• [Your assignment]:
Type the listing below out again exactly. No images.

+++ Information shown +++

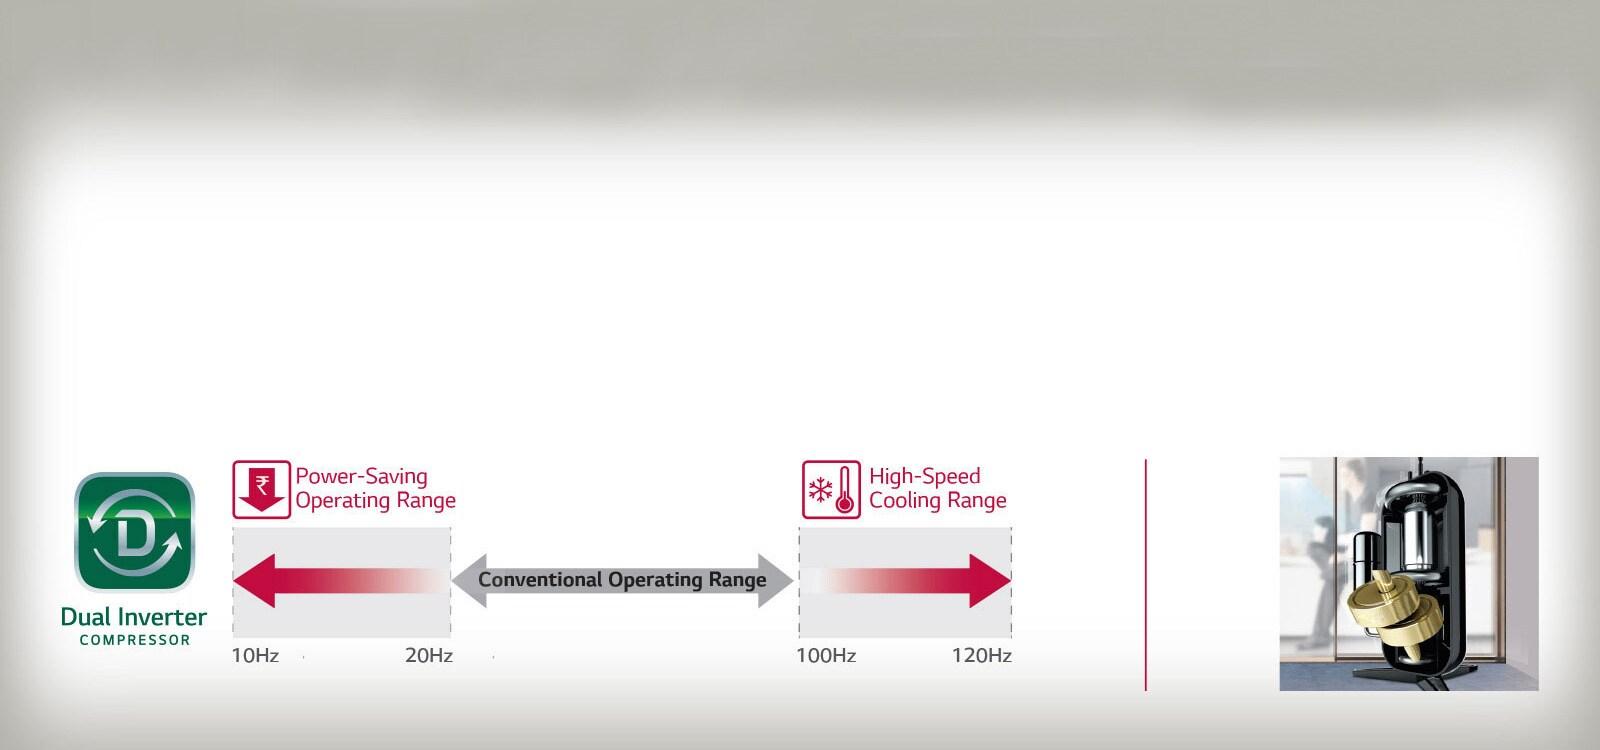 LG LS-H12VNXD Dual Inverter Compressor
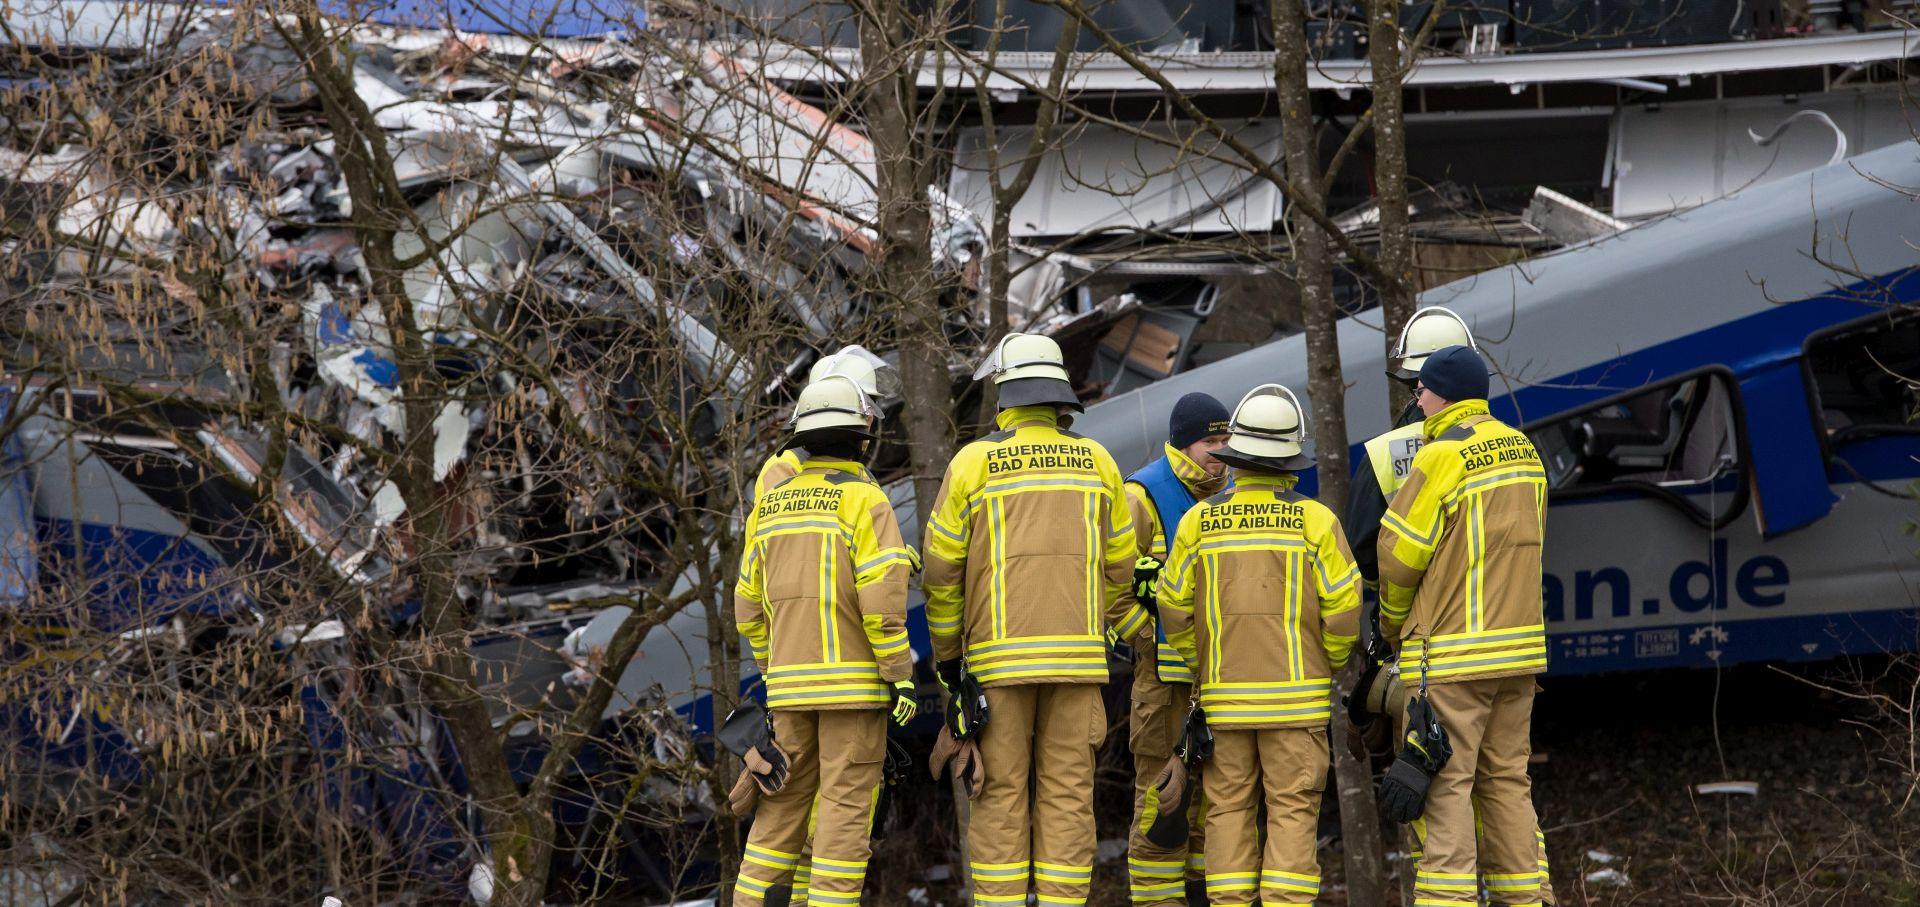 POGINULO 11 LJUDI Do željezničke nesreće u Bavariji došlo zbog greške kontrolora vlaka
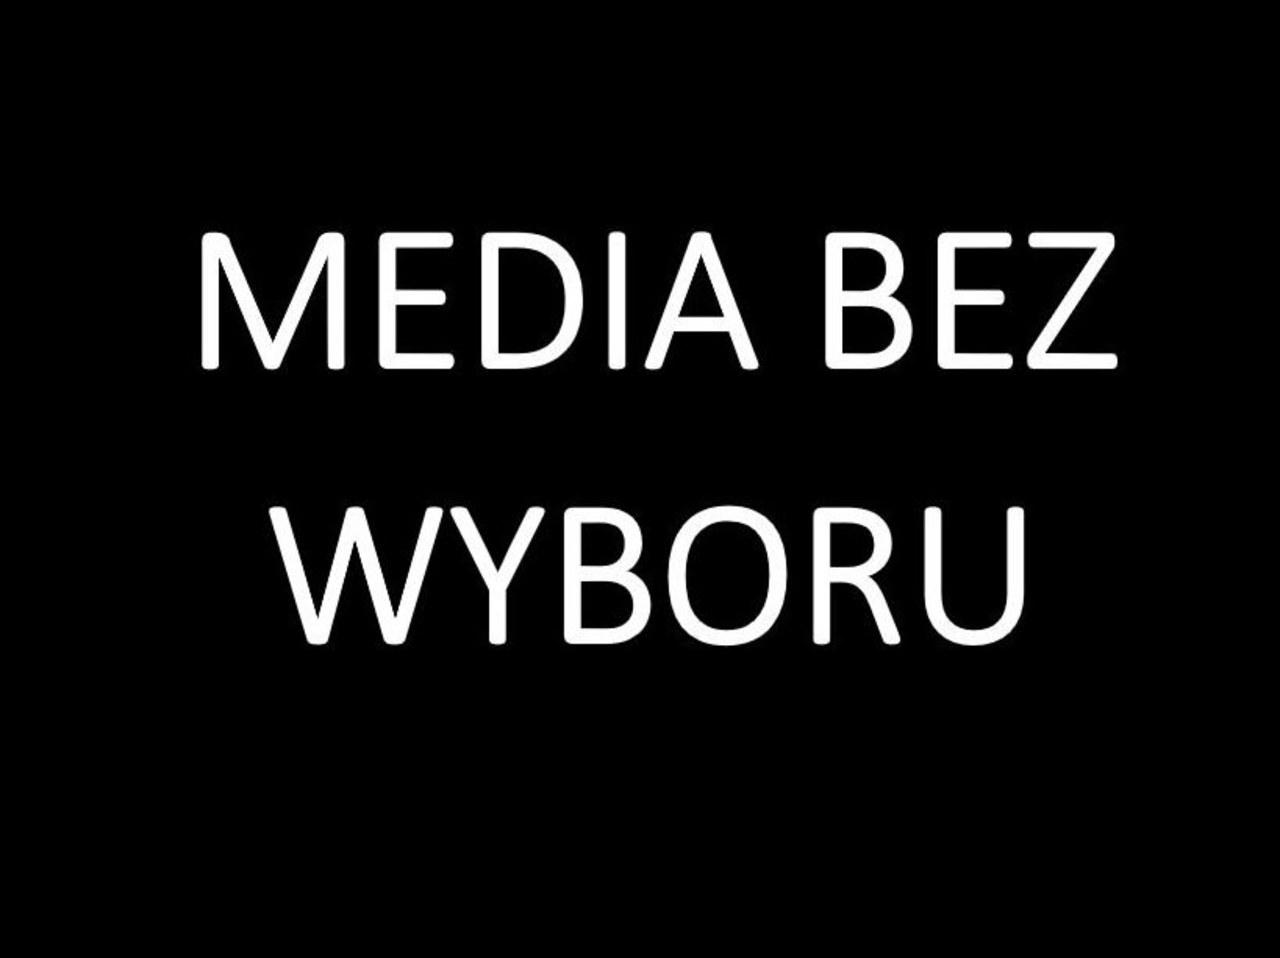 Media bez wyboru. Protest w sprawie nowego podatku od mediów: Wyjaśniamy dlaczego

+++

• [Your response]:
 LG LS-H12VNXD Dual Inverter Compressor
 POGINULO 11 LJUDI Do željezničke nesreće u Bavariji došlo zbog greške kontrolora vlaka
 Media bez wyboru. Protest w sprawie nowego podatku od mediów: Wyjaśniamy dlaczego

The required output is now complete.